Localizing - Cultural Differences Matter

Most of the work I do starts out in English. In Montreal and even throughout Canada the majority of corporate clients will need content and the right strategy that will work in both - each language and cultural market. The thing is there really are differences - some subtle and some are glaring.

The differences in imagery are subtle but they are there. Anyone making their first visit to Montreal is inevitably struck by the sense of style of the locals. It's a French thing and it is real, though oftentimes difficult to put your finger on the exact difference. It's certainly more than urban versus rural that can be applied to just about any culture. Granted, this difference dwindles away just a little as every day we come closer to a global community. Still, when choosing imagery for a website this difference must be taken into account.


Not every culture buys what the US market is selling or the manner in which they are selling it. I know it's difficult to believe but it's true. Stumbleupon, Digg, del.icio.us, and the like of social bookmarking sites just don't have any penetration in the French market. Whereas in the English Canadian market they are a factor, yet still not as strong as in the US.

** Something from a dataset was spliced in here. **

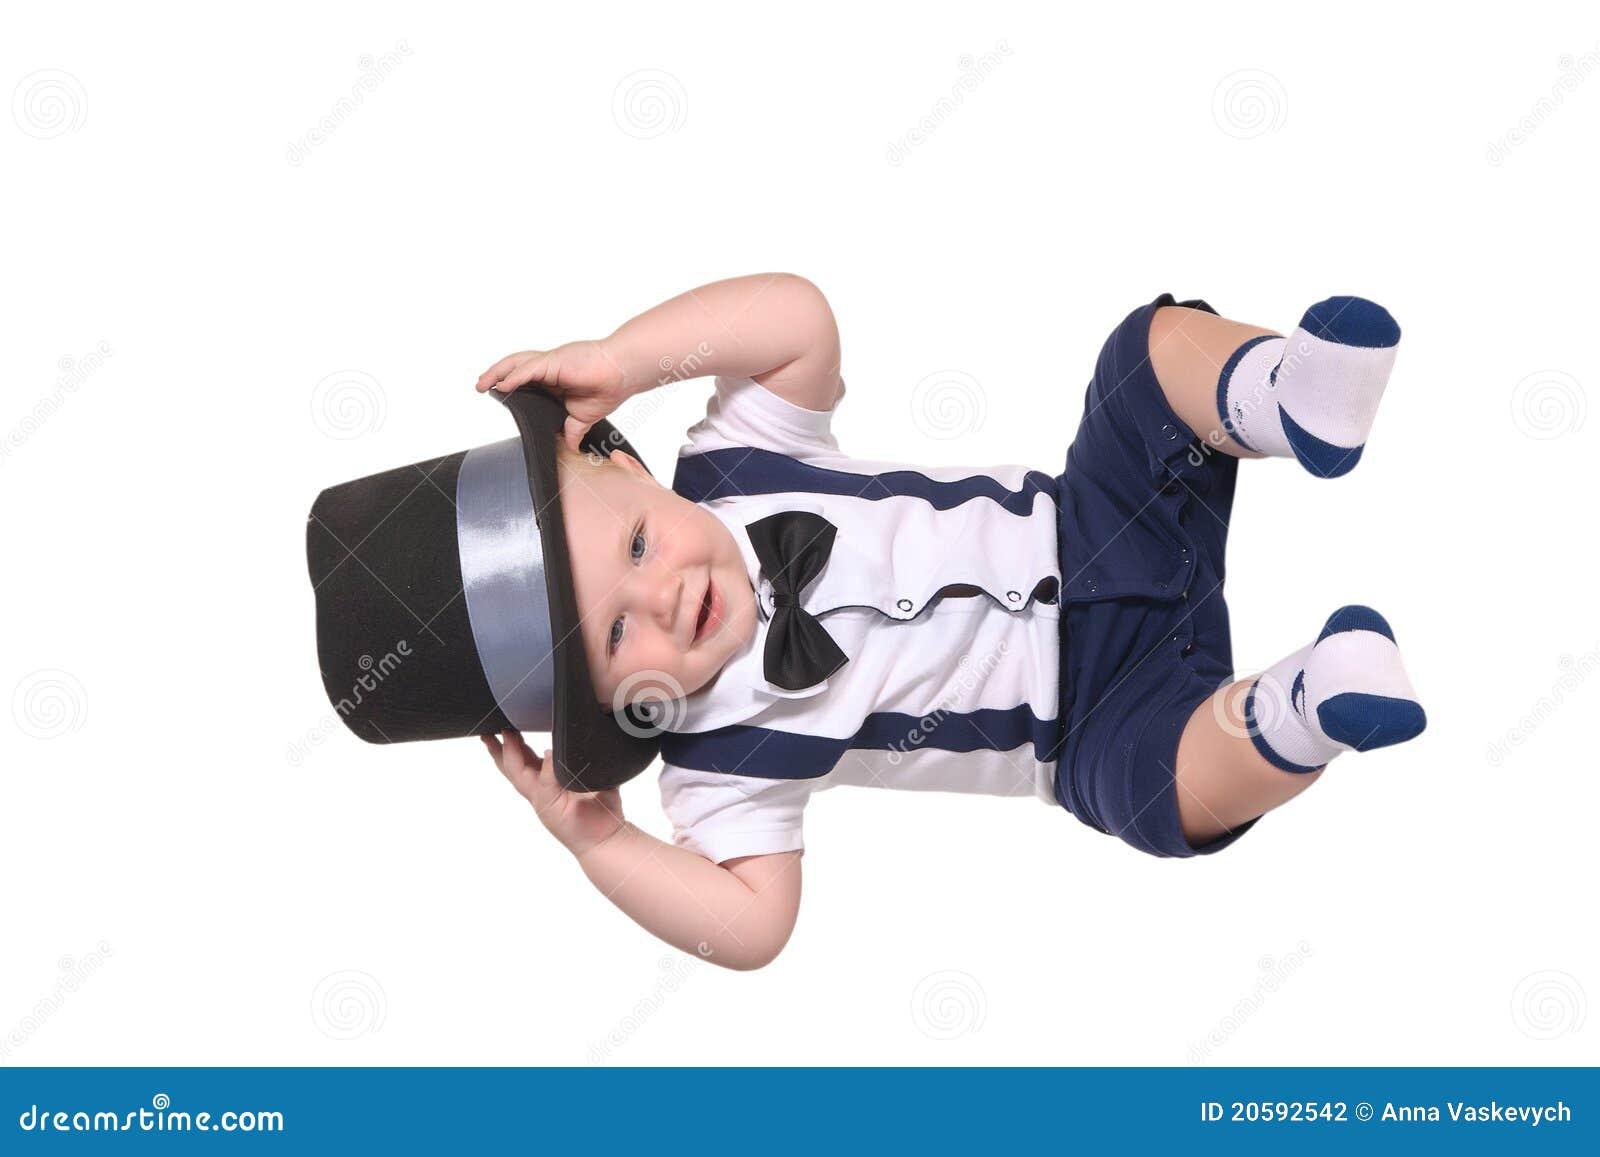 Baby boy gentleman putting on cylinder hat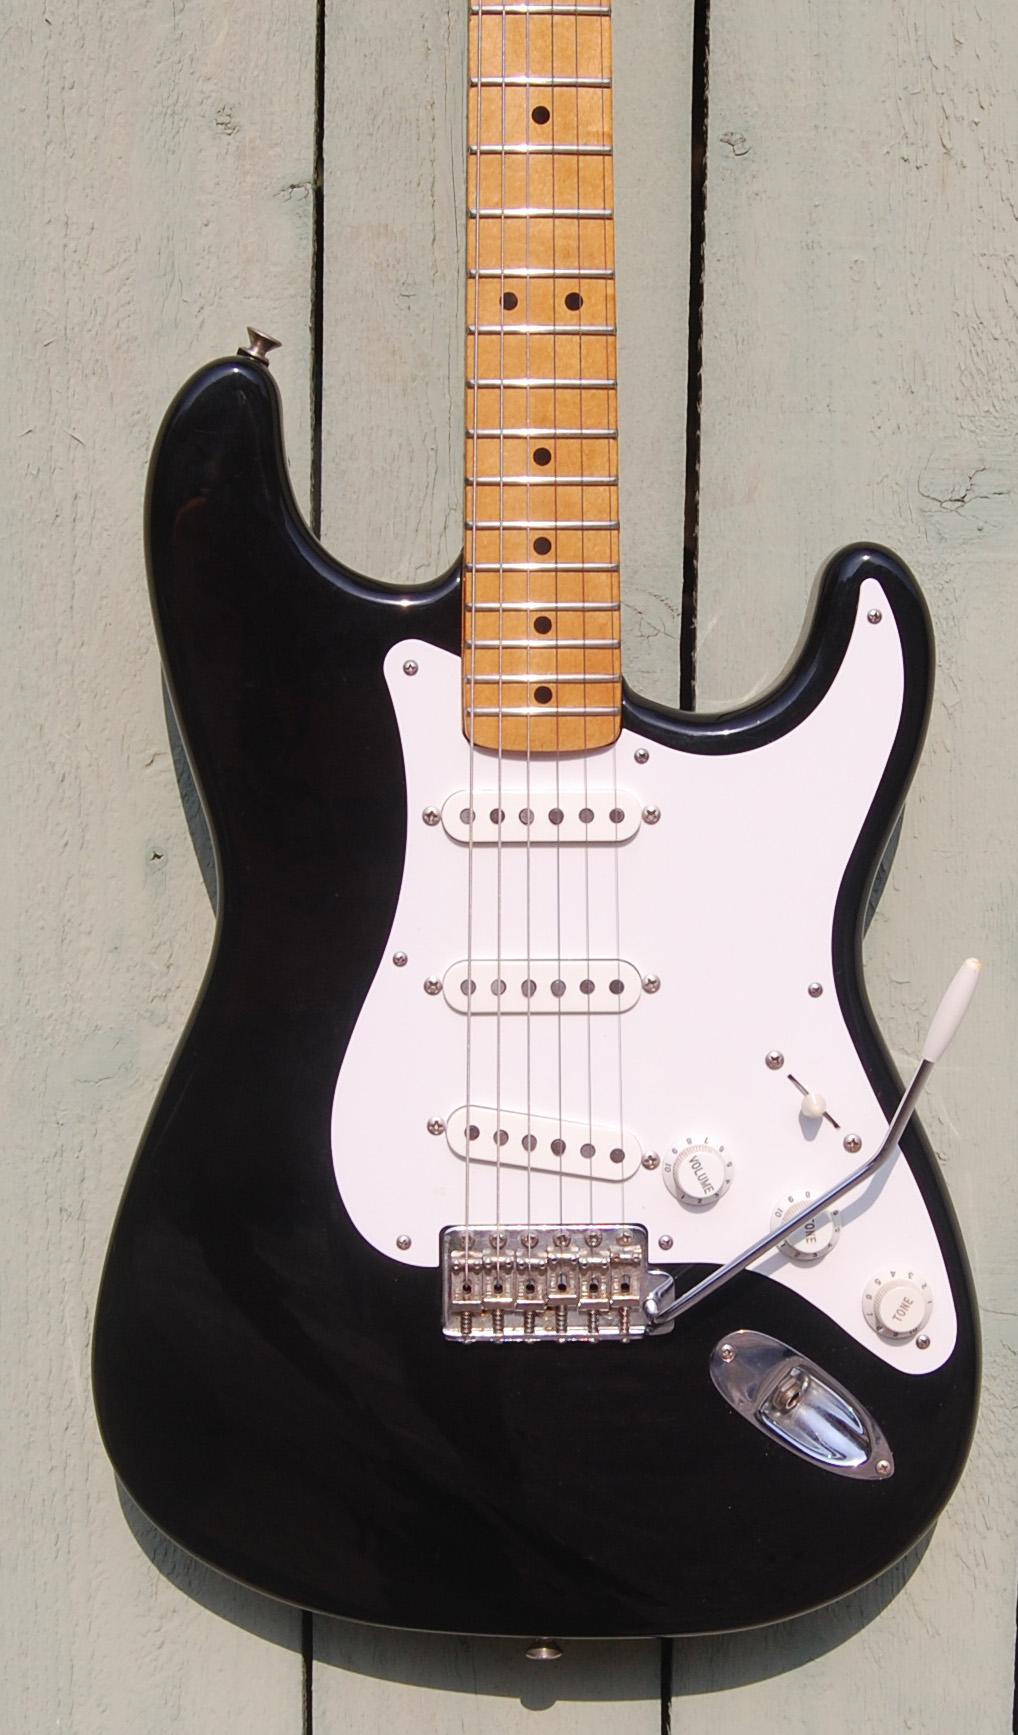 1988 57 black cu

Facebook, well that's an undeniable hit in English Canada and is high on my recommended social networking marketing touch points. In certain French Canadian demographic markets it works well. However, the phenomenon of inter-generational communities has not translated so well. It's easy enough to understand why. The photos work across cultural boundaries but that the system doesn't have a French version will continue to limit its penetration and thus the utility of it as a marketing strategy.

Some platforms, such as forums, strangely don't translate effectively to cultural norms of communication either. That one I don't really get. It just is.

You know those MasterCard ads that are used all over the world...? Some of them work better than others simply because the adaptation is better done. While some are "sort of" replications of the particular "priceless" idea, most are something completely different. A great deal of work has gone into selecting the right story for each marketplace.

Writing and concepts

Writing styles also have to be taken into consideration. You cannot just translate something and slap it on a web page expecting it to work; text, yes the message, needs to be adapted - not translated.